By Murali Prahalad of Epic Sciences
 
A curious problem arises for each new precision oncology therapeutic with a companion diagnostic: Many predicted responders exhibit primary resistance.
 
Frequently, such events beget studies that bring to bear more sensitive genomics techniques and deeper sequencing to uncover the confounding variants. After each new discovery, however, unexpected primary resistance remains curiously pervasive.
 
While biology is rarely clear-cut, a recurrent problem may cause one to reexamine a field’s foundational assumptions. Decades after the precision medicine revolution began, it is worth assessing whether the evidence still supports genomics as the primary pillar upon which to understand cancer and make treatment decisions. Perhaps, as Claude Bernard has been attributed as saying, “It is what we think we know that keeps us from learning.”
 
Let’s critically examine three tenets that have propelled the rise of precision oncologics and cancer diagnostics.
 
1: Can genomic testing identify driver mutations?
 
Two decades after the launch of the first commercial BRCA test for breast cancer, more than 95 percent of diagnosed women under 40 are now tested for BRCA mutations.
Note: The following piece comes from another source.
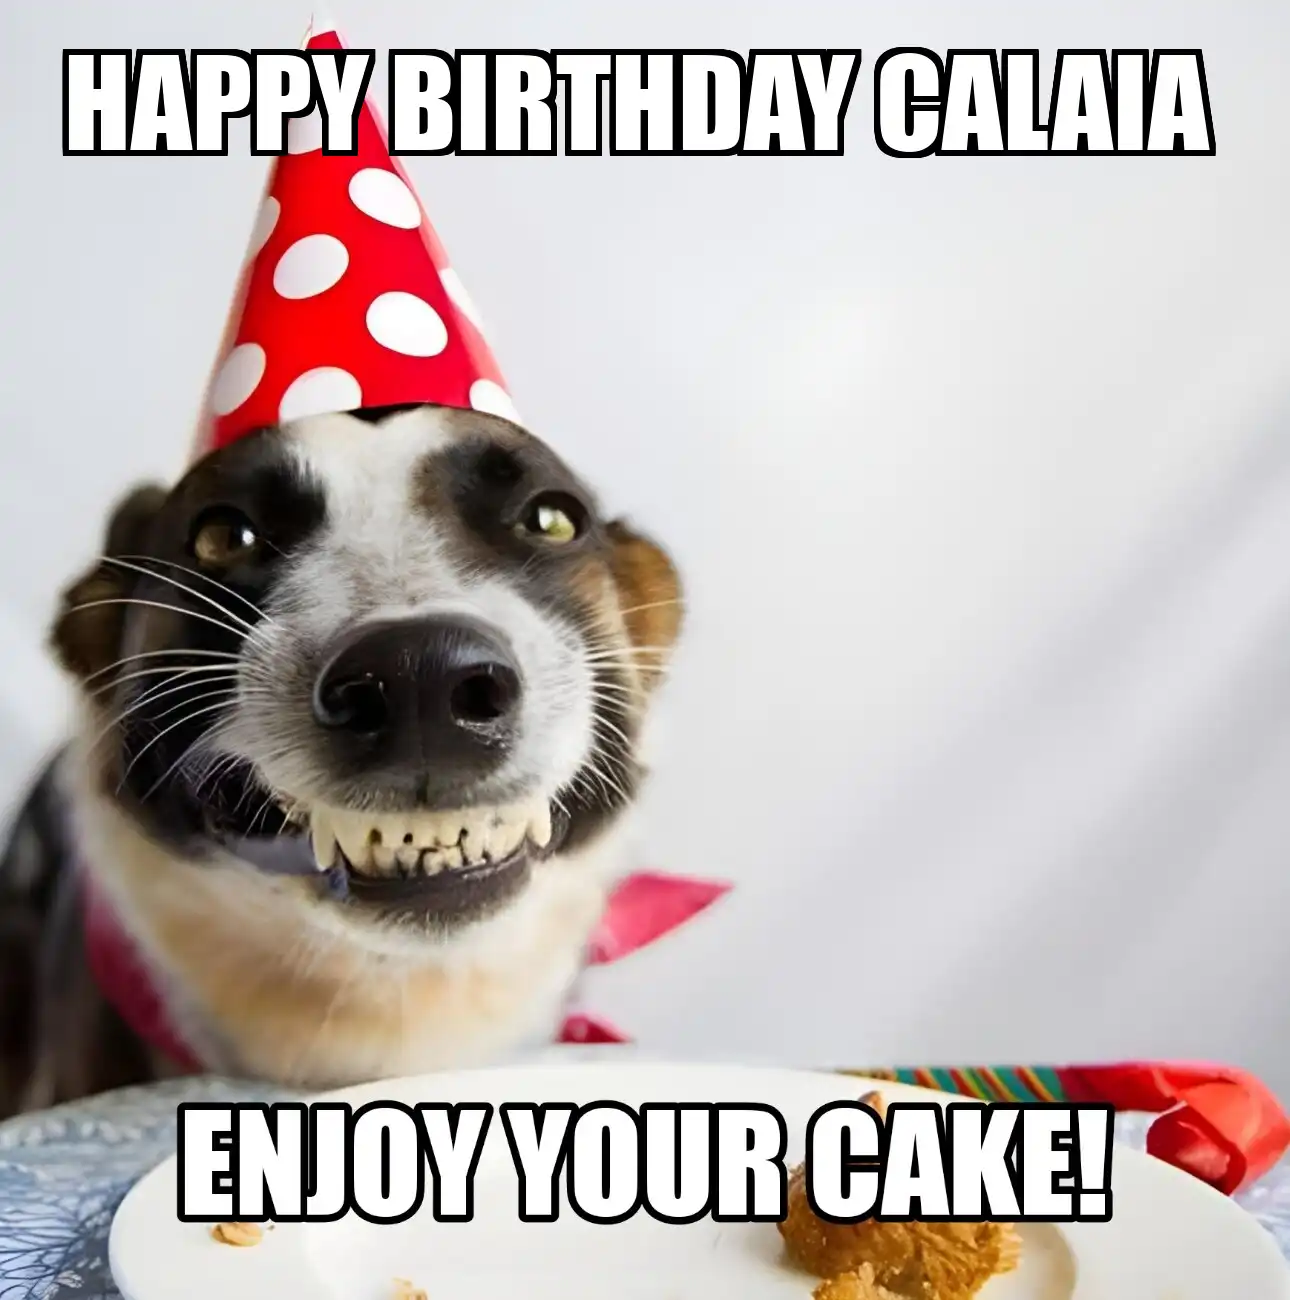 Happy Birthday Calaia Enjoy Your Cake Dog Meme

Across many cancer types, tumor boards now often review a mutation list from tumor sequencing results, alongside other clinical data, to determine a treatment plan. Oncologists consider these mutation lists with care; studies in the past decade have detailed now commonly discussed limitations of this practice—as well as less frequently acknowledged issues that may better explain confounding results.
 
Perhaps the most commonly acknowledged limitation is spatial resolution. For stage III and IV patients, who comprise approximately half of newly diagnosed cancer patients, many recent metastases are yet too small to detect by radiology (perhaps having only 100,000 cells). Lesions may also be too numerous to sample practically or humanely. Spatial resolution is further limited because fine needle aspirates, which remove just thousands of cells, may miss adjacent areas of a billion-cell tumor where more aggressive and clinically relevant subclones reside.
 
The other commonly acknowledged limitation is temporal resolution; tumors are known to evolve rapidly in response to therapeutic pressure. When clinicians return to data from primary tumor biopsies after a patient has undergone multiple rounds of therapies, those test results likely no longer reflect all current disease drivers. Subsequent resampling of tumors may be impractical, painful and introduce delays.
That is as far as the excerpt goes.